- [Task objective] What you output must be the exact lines from the first line of the data through the one holding "Photo of Excitement, play", with no pictures.

- [Dataset extract]
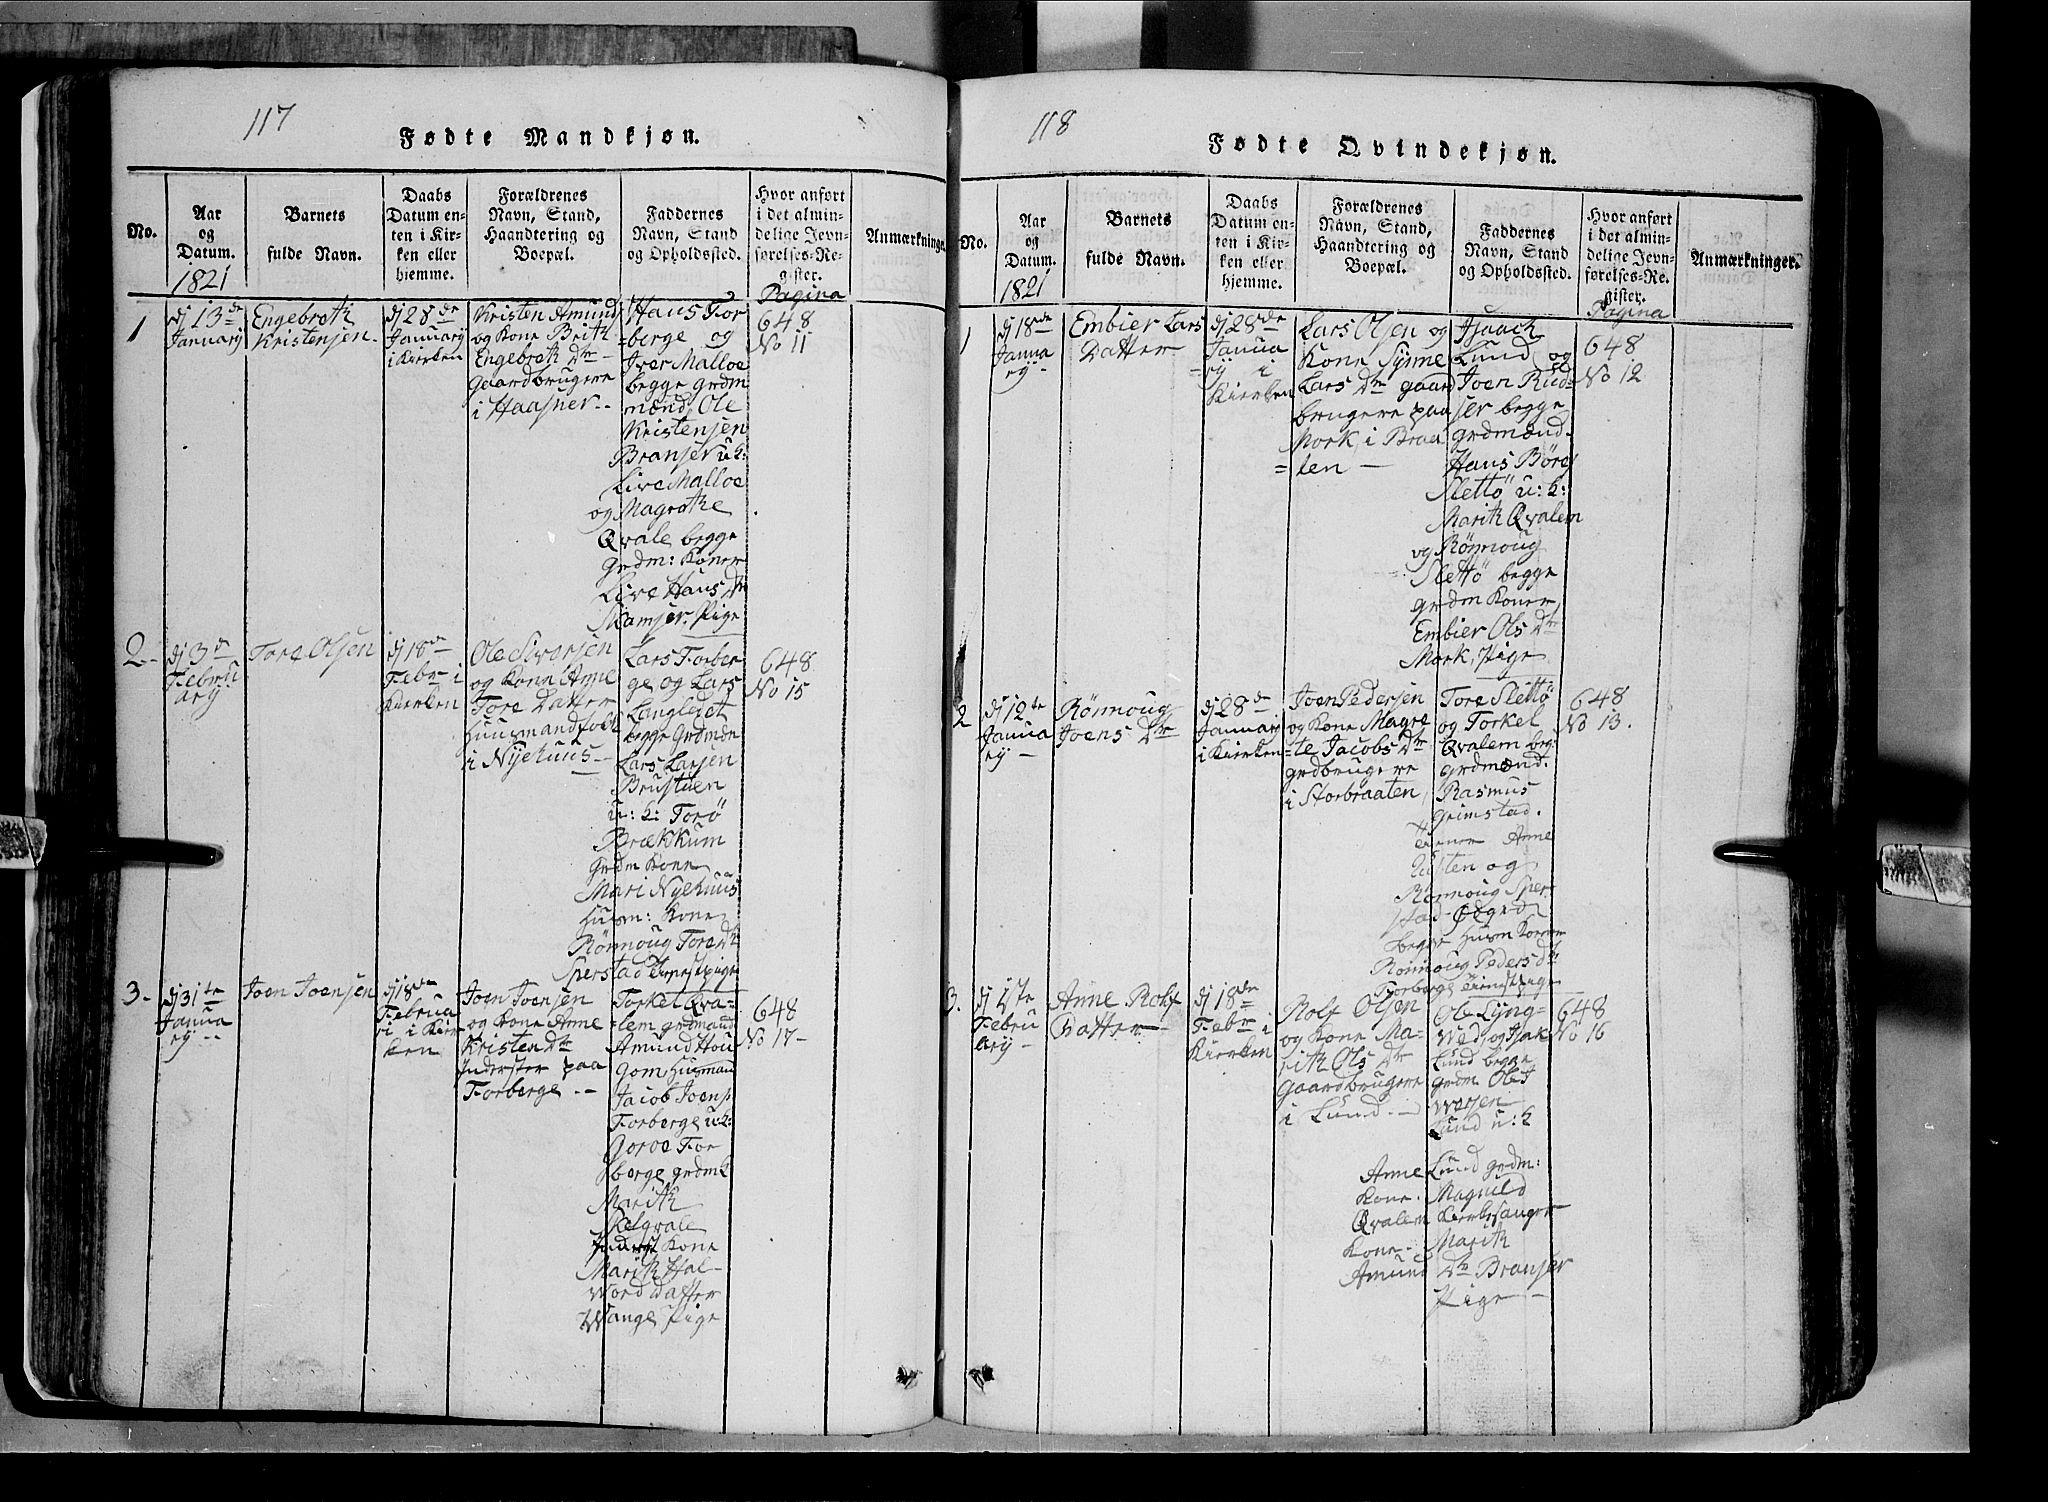 SAH, Lom prestekontor, L/L0003: Klokkerbok nr. 3, 1815-1844, s. 117-118
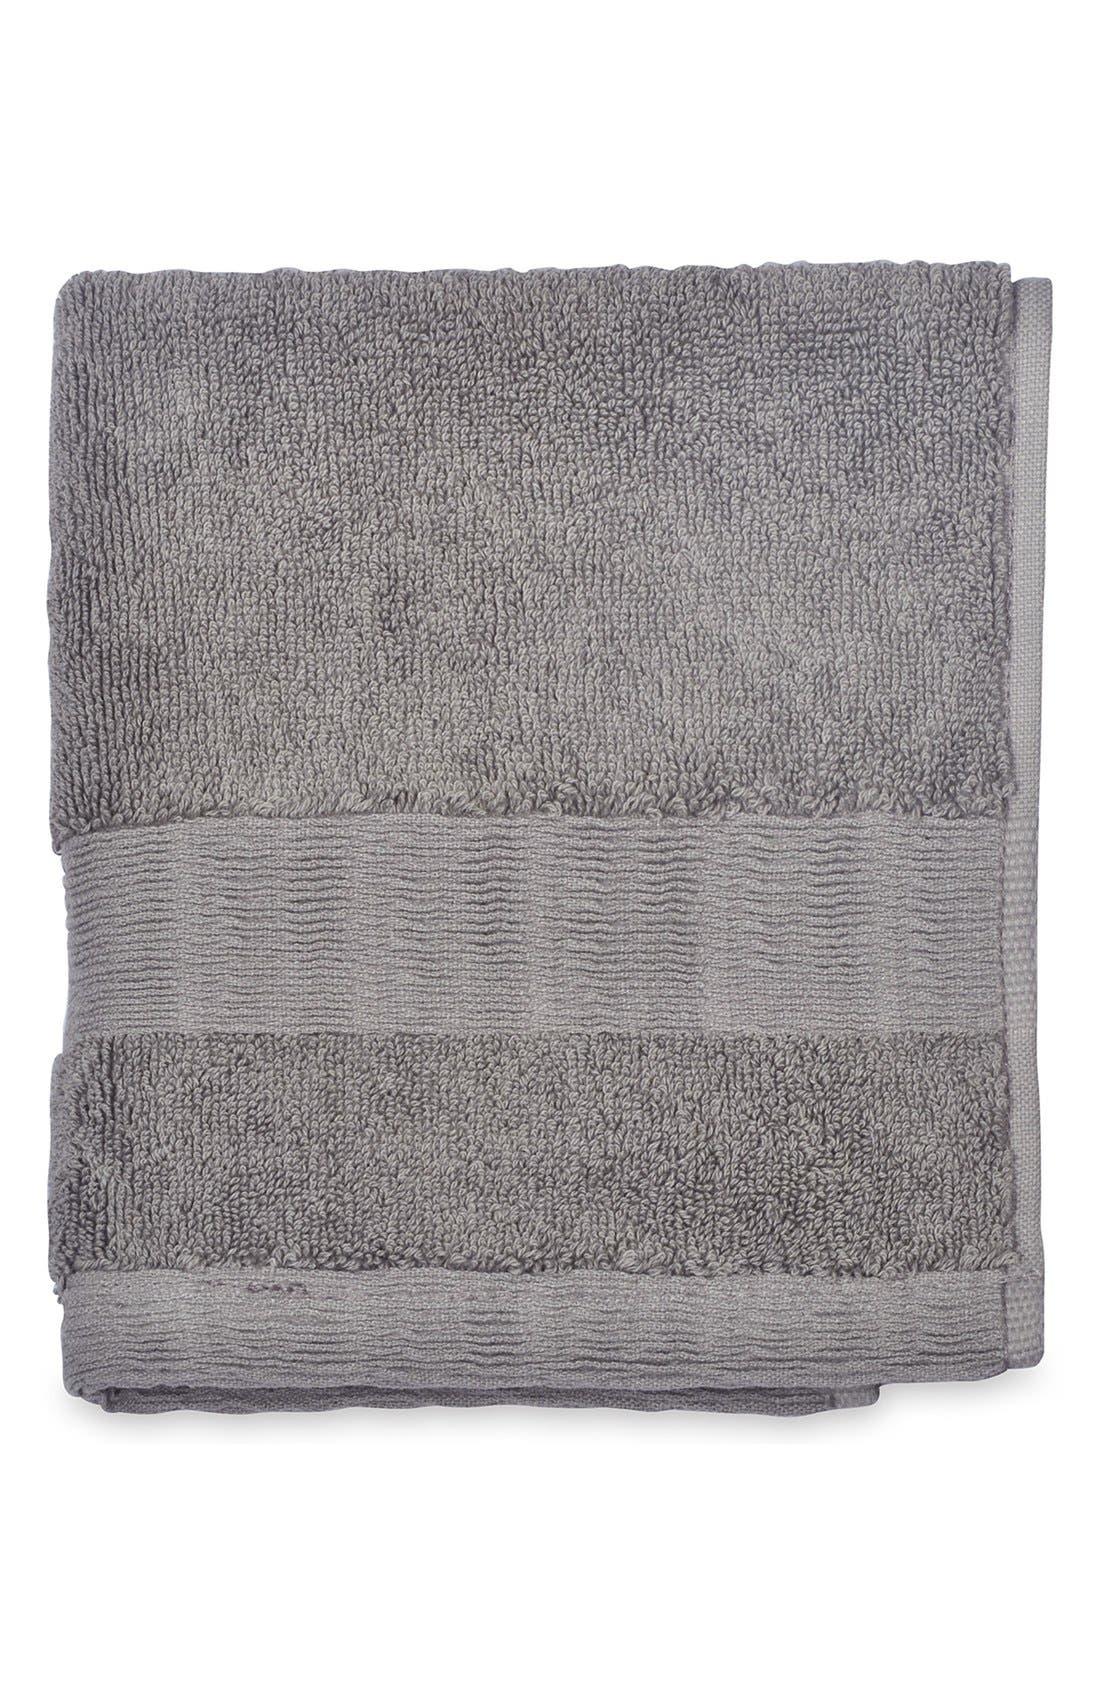 Mercer Wash Towel,                             Main thumbnail 1, color,                             Grey
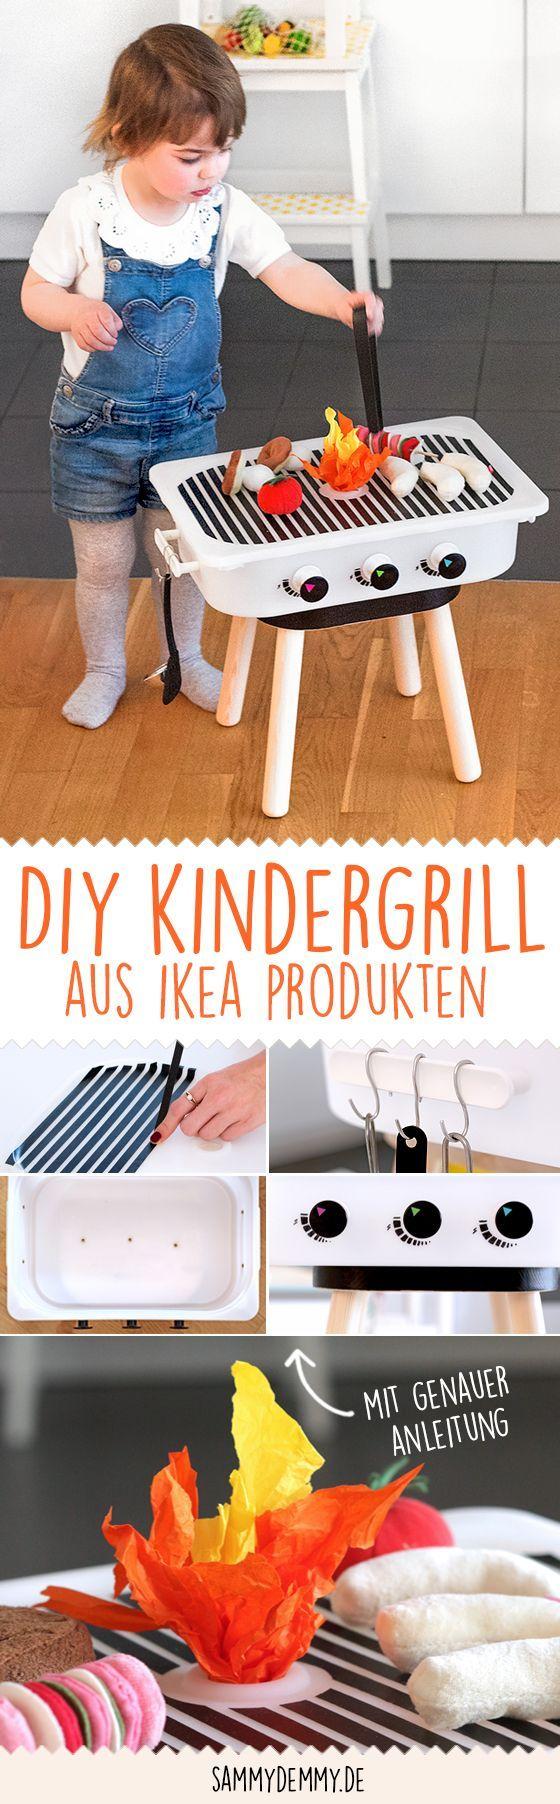 Photo of Excitement, play and summer fun at IKEA Sindelfingen • www.sammydemmy.de
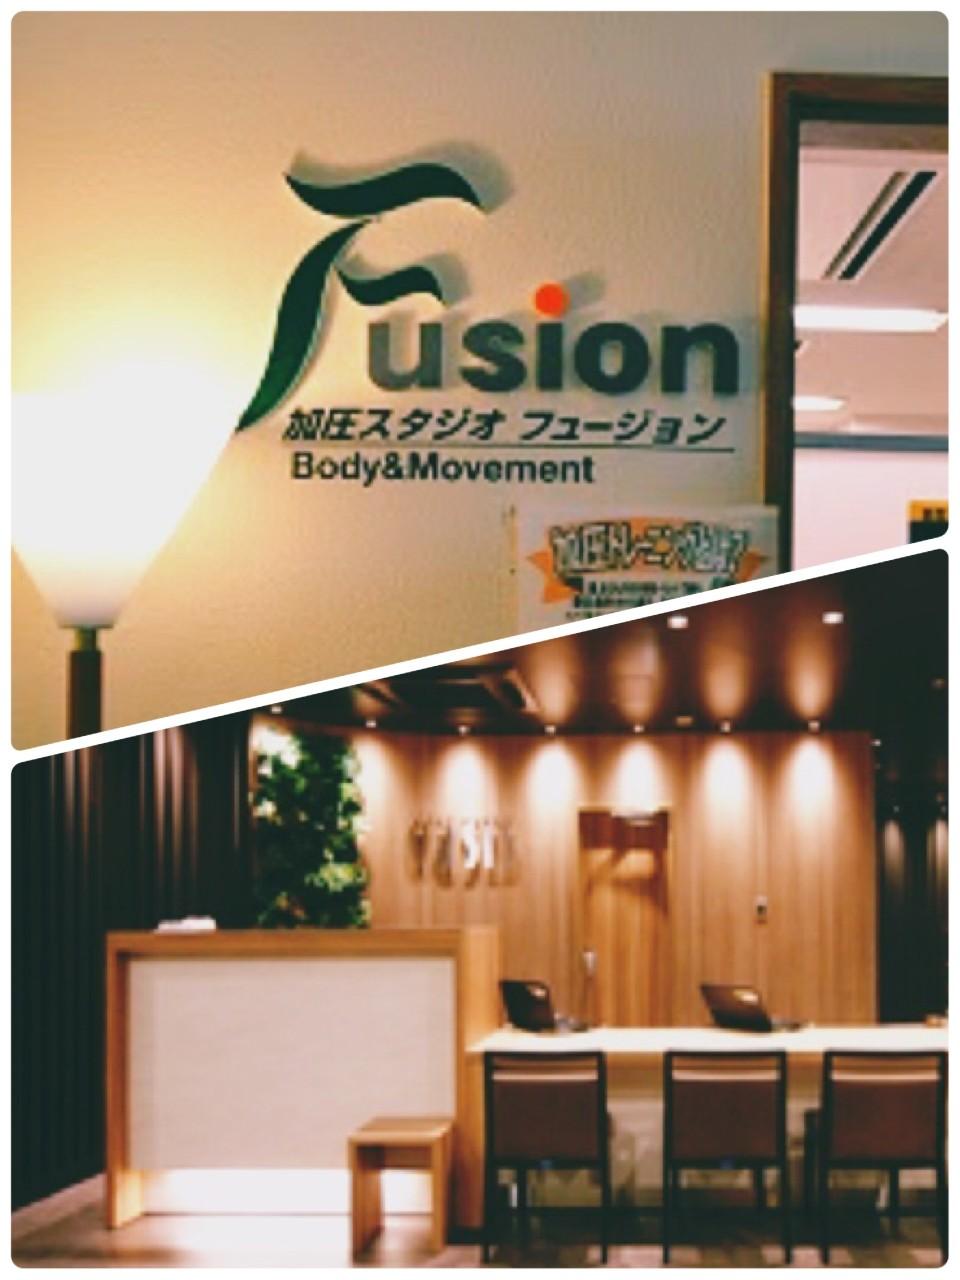 加圧Fusion新宿店(東急スポーツオアシス新宿店内)の写真9

- [Your response]
 SAH, Lom prestekontor, L/L0003: Klokkerbok nr. 3, 1815-1844, s. 117-118
 Mercer Wash Towel,                             Main thumbnail 1, color,                             Grey
 Photo of Excitement, play and summer fun at IKEA Sindelfingen • www.sammydemmy.de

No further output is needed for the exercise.